The Future

He is so anxious about the future that he does not enjoy the present; the result being that he does not live in the present or the future; he lives as if he is never going to die, and then dies having never really lived. - Dalai Lama

Life is quit elusive, don't you think? You're a child and don't realize what lies ahead. You grow up and learn how to deal with the present. You're forced to become an adult and deal with the future. That's where it all goes wrong. You learn to focus on the future and it replaces the present. Unfortunately life will stay that way, no matter what you think.

Let me tell you something. I'm 41 years old, an adult in anyone's eyes. I'm supposed to be living the dream I envisioned all those years ago. Well, I'm not. I'm still focused on the future. What will I do when my children leave the house? How long will I be able to be Head Auror? What about death?

You hear it all the time. 'Seize the day.' they say. 'Live in the moment.' they say. 'Enjoy what you have.' they say. It's crap, utter crap. Nobody lives like that and it's terrible. It destroys you. Well, it destroyed me. Everything I do is planned. They're all obligations. I haven't done anything for fun since I gave up quidditch, right before I killed Voldemort. Like I said, that's where it all went wrong. They forced me to become an adult and I had to fight for my future. I never stopped.

I'm always planning. "After I finish this Auror-report, I'll pick up the kids and after dinner I'll read a book. When I finish that book, I'll fix the sink and after that it will be time for bed." It never stops. There's no ending, let alone a happy one. It keeps me from enjoying the present and I can't help it. My mind is trained to think about what comes.

The first thing people asked after I killed Voldemort was what I was planning to do. Are you going to marry Ginny? Do you want kids? Are you becoming an Auror? Yes. Yes. Yes.

So I started my training. The first thing I learned? Make sure you're always one step ahead. Think about the consequences of your actions. Then I did marry Ginny. She became a professional quidditchplayer and travelled a lot. So what did I have to do? Make a schedule and plan dates with my wife, so I could see her at least once a week. Of course I had children and I love them to bits, but we better not talk about all the organisation a child requires, let alone three of them.

So that is it. I'm living my life, living the dream, exactly like everyone expected me to and I'm not happy. I would say I'm content, but I'm not that either. You can only be content if you stop wanting things and I still want things, all the time. I want my wife to be home, I want my children to stay little, I want to be an Auror on the field again. I had all those things. You know what happened? The future I was thinking so much about caught up on me and I didn't have time to enjoy it. I'm certain that is exactly what is happening now. In three or four years I will be missing what I currently have, but I still can't force myself to be happy now.

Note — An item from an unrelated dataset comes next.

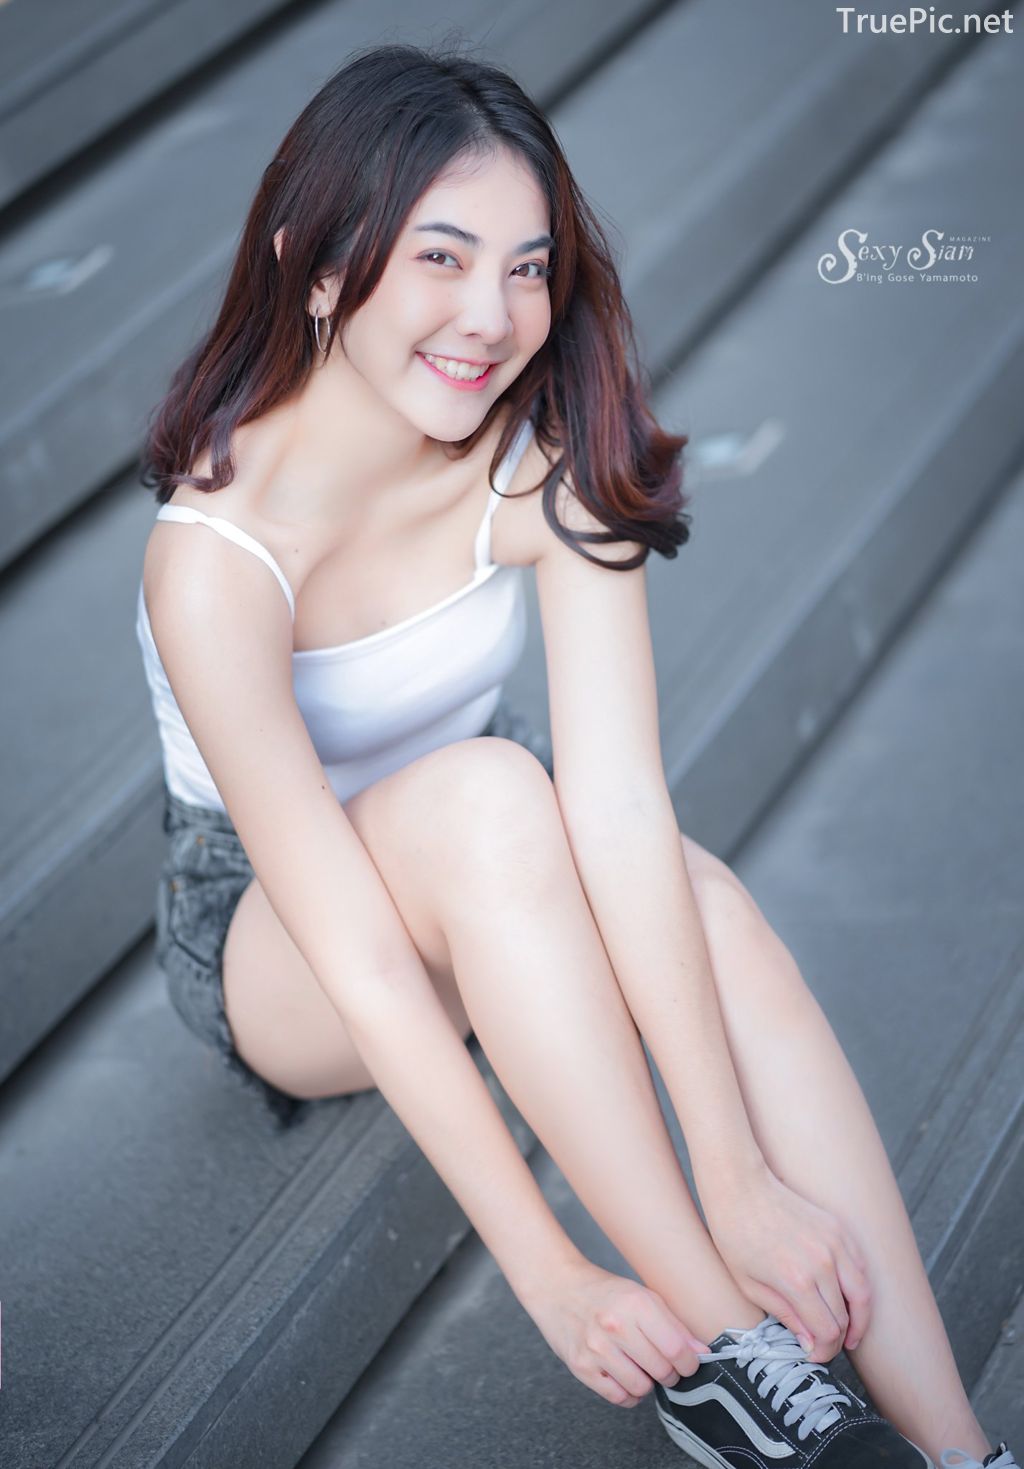 Thailand beautifil girl - Wannapon Thongkayai - The Angel on the City Street - TruePic.net - Picture 29

So that's why I'm sitting here, with you, in a bar, drinking my sorrows away. Pathetic, huh?

"Yes."

A sigh and the clinking of ice cubes in a glass are the only sounds that follow. Harry doesn't know what to say. He didn't expect to see Malfoy in his favourite bar and although they have long since given up on keeping their animosity alive, they're not exactly friends either. He shouldn't have spilled his guts like that. He probably scared Malfoy away with all his depressing nonsense. It probably didn't even make sense and maybe it's not all true. Is his life really that bad? He isn't happy, that was the truth, but he doesn't think getting Ginny back or little children would make it better. Would it? The sound of Malfoy scraping his throat pulls Harry out of his musings.

"I understand, though." He murmurs and just like that Harry relaxes. Malfoy understands.